Classroom. Credit: Pixabay.
The Florida Education Association, with the support of national teacher unions, filed a lawsuit Monday after weeks of backlash and concern about an emergency order requiring brick-and-mortar schools to reopen five days a week this coming school year.
“We have got to do something about this emergency order because it is putting people in peril,” said Florida Education Association president Fedrick Ingram. He also said that the order should be rescinded.
“Our governor and our (state education) commissioner cannot ensure safety that these young people are not going to be spreaders” of COVID-19.
The FEA announced the lawsuit during a virtual news conference on Monday and said in a news release that it was filed in a state circuit court in Miami. In addition to the FEA, the plaintiffs include Broward teacher Stephanie Beth Miller; Ladera Royal, an educator in Orange County; and Mindy Festge, a teacher and parent in Miami-Dade County.
The defendants are listed as Gov. Ron DeSantis, Education Commissioner Richard Corcoran, the Florida Department of Education, the Florida State Board of Education and Miami-Dade County Mayor Carlos Gimenez.
The lawsuit comes after weeks of controversy following an emergency order signed by Corcoran. The order says that “upon reopening in August, all school boards and charter school governing boards must open brick and mortar schools at least five days per week for all students.”
With the new academic year looming, many districts were planning to do alternative instruction, such as in-classroom and online learning.
The lawsuit focuses on the constitutional expectation of Florida to provide a safe learning environment for students, as COVID-19 infections continue to surge.
As of Monday, the Department of Health reported more than 360,000 coronavirus infections, with the largest numbers in Miami-Dade (87,035 cases), Broward (40,976) and Palm Beach (26,426) counties.

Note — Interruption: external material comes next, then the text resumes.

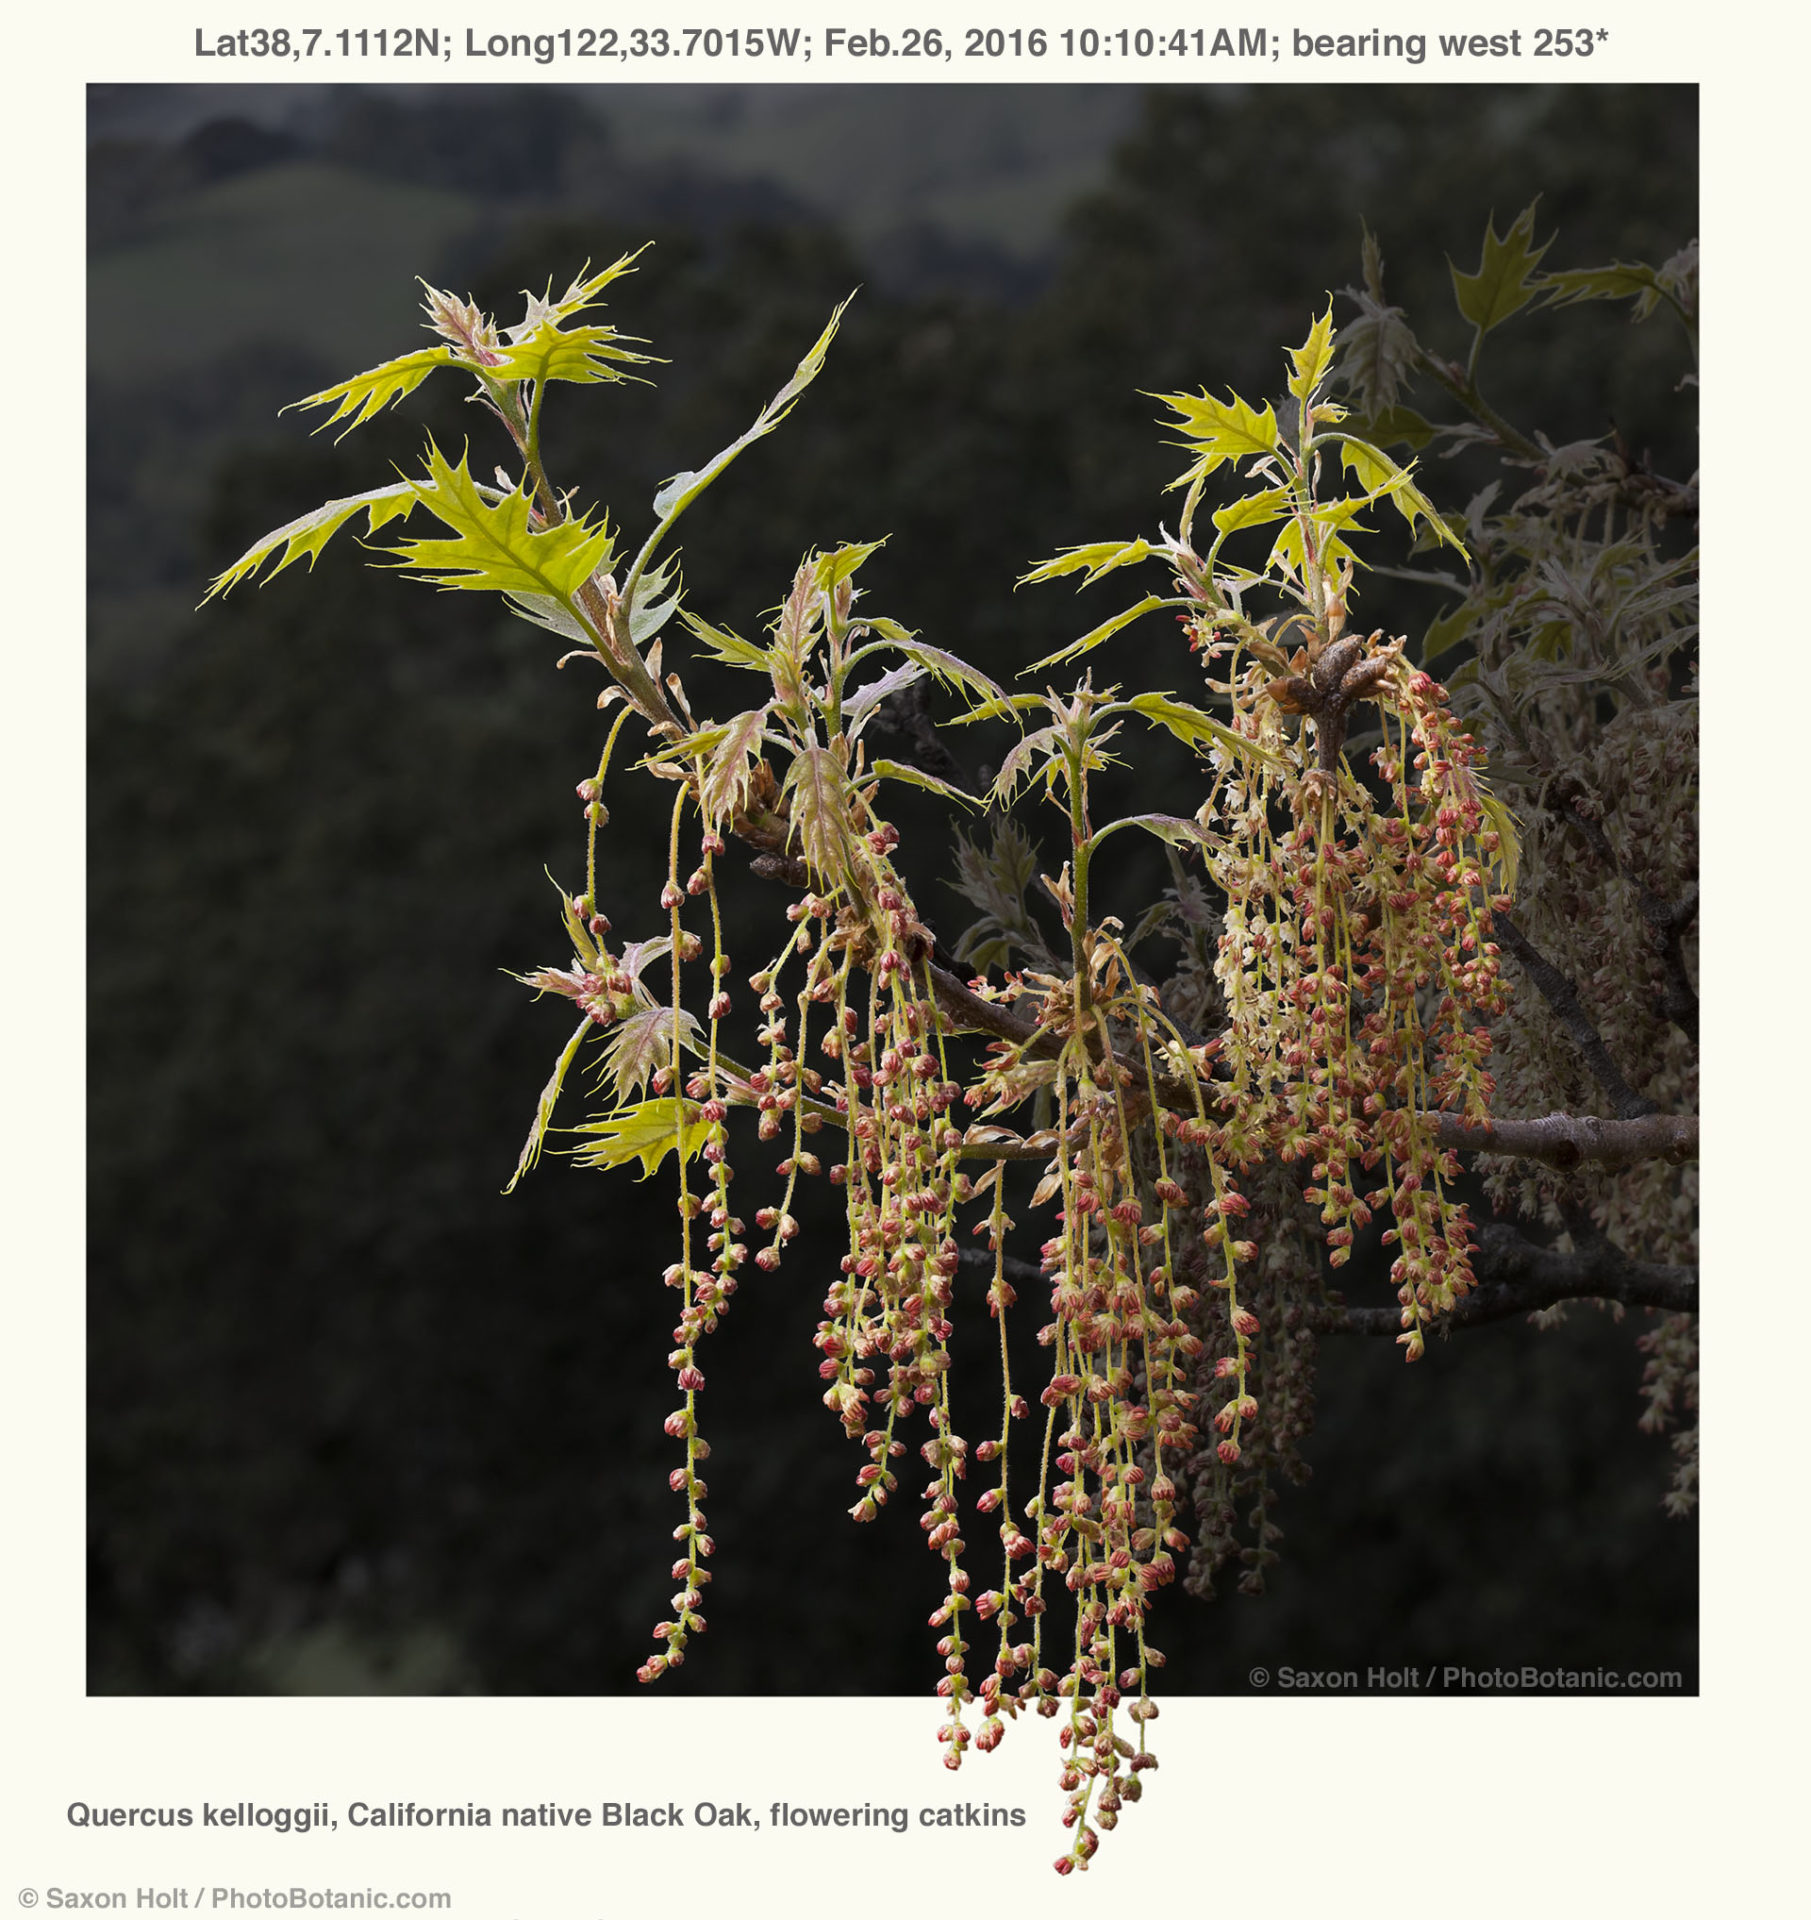 Quercus kelloggii, California native Black Oak, flowering catkins, Rush Creek Open Space; Lat38,7.1112N; Long122,33.7015W; Feb.26, 2016 10:10:41AM; bearing west 253*

“The Florida Constitution is clear: public school onsite instruction and operations must be opened safely,” the lawsuit reads.
“The Florida Constitution mandates ‘[a]dequate provision shall be made by law for a uniform, efficient, safe, secure, and high quality system of free public schools.” (Bold-type text occurs in the copy of the lawsuit.)
“Florida students, parents, teachers, and the public deserve and are constitutionally entitled to the protections needed to assure a lawful and safe reopening.”
The National Education Association (NEA) and American Federation of Teachers (AFT), both national unions, joined in the news conference Monday.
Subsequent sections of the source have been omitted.